|Budget Amount *help
¥4,000,000 (Direct Cost: ¥4,000,000)
Fiscal Year 2002: ¥1,500,000 (Direct Cost: ¥1,500,000)
Fiscal Year 2001: ¥2,500,000 (Direct Cost: ¥2,500,000)
During the research period (2001-2002), we got some significant achievements for squalene hopene cyclase as follows.
(1) Site-directed mutagenesis experiments targeted for Tyr495, Tyr612 and Tyr609 showed that the role of these amino acids was ascribed to the reinforcement of the role of Asp377 and Phe365 which works for the cation-π interaction.

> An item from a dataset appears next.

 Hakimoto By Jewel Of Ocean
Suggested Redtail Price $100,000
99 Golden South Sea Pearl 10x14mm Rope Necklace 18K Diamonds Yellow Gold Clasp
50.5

(2) Alteration of the bulk size at 420 and 607 into the larger amino acids allowed the creation of unnatural natural product, named neoachillapentaene, which was produced by the boat structure during the cyclization process. This finding indicates that the steric bulk size of crucial amino acids perturbs the substrate folding.
(3) We synthesized a 2,3-oxidosqualene analogue which have ethyl group at 10-position. This analog was cyclized by lanosterol synthase to give the abnormal cyclization products with trimethylcyclohexane moiety, which produced through the boat-folding structure and produced by the catalysis of 3R-oxidosqualene. Lanosterol synthase is rigorously specific to 3S-oxidosqualene and inert to the 3R-form. This investigation gave a deeper insight into the substrate recognition by lanosterol synthase.

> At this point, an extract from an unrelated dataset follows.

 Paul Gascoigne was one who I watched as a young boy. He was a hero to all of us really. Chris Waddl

(4) We also synthesized C(10) norsqualene, which was subjected to the enzymic reaction by squalene-hopene cyclase. This enzymic reaction afforded novel carbocyclic skeleton(s), i. e. 6/5+5/5+(6). This finding also indicated that the bulk size of the substrate also significantly influence the cyclization pathway.

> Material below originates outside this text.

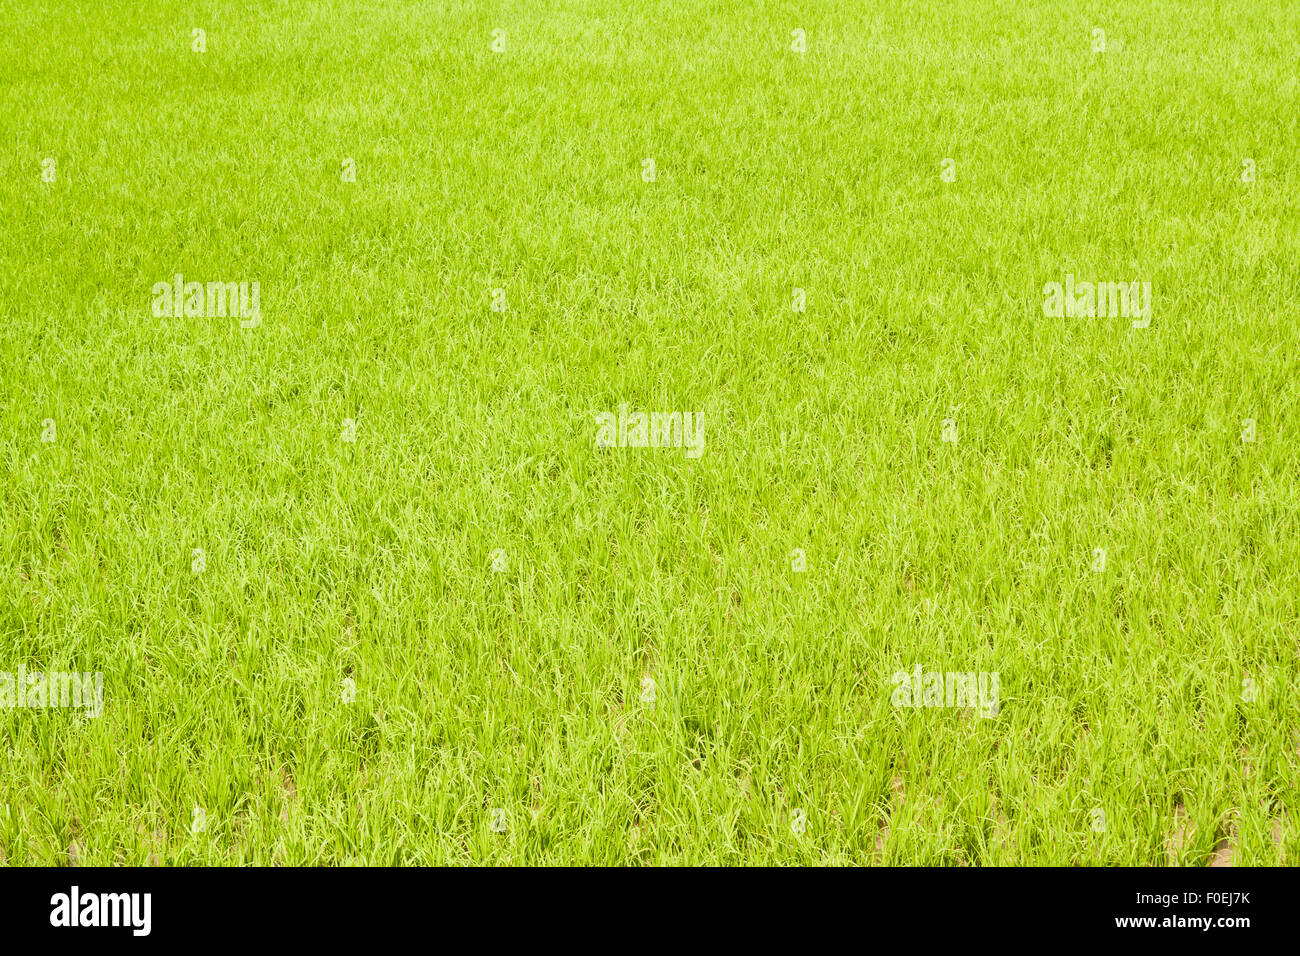 A rice field pictured on a sunny day. The rich green pasture serves as a nice background. Stock Photo

(5) Comparison of amino acid alignment between squalene and lanosterol cyclases encouraged to delete Gly600 of the squalene cyclase. This deleted mutant was created by the PCR method. Squalene cyclase catalyzes 3 substrates, i. e. squalene (original substrate), 3S- and 3R-oxidosquaene. However, this mutant was only active to 3S-oxidosquaene. This behavior was analogous to lanosterol synthase. Thus, we have succeed in altering the substrate specificity.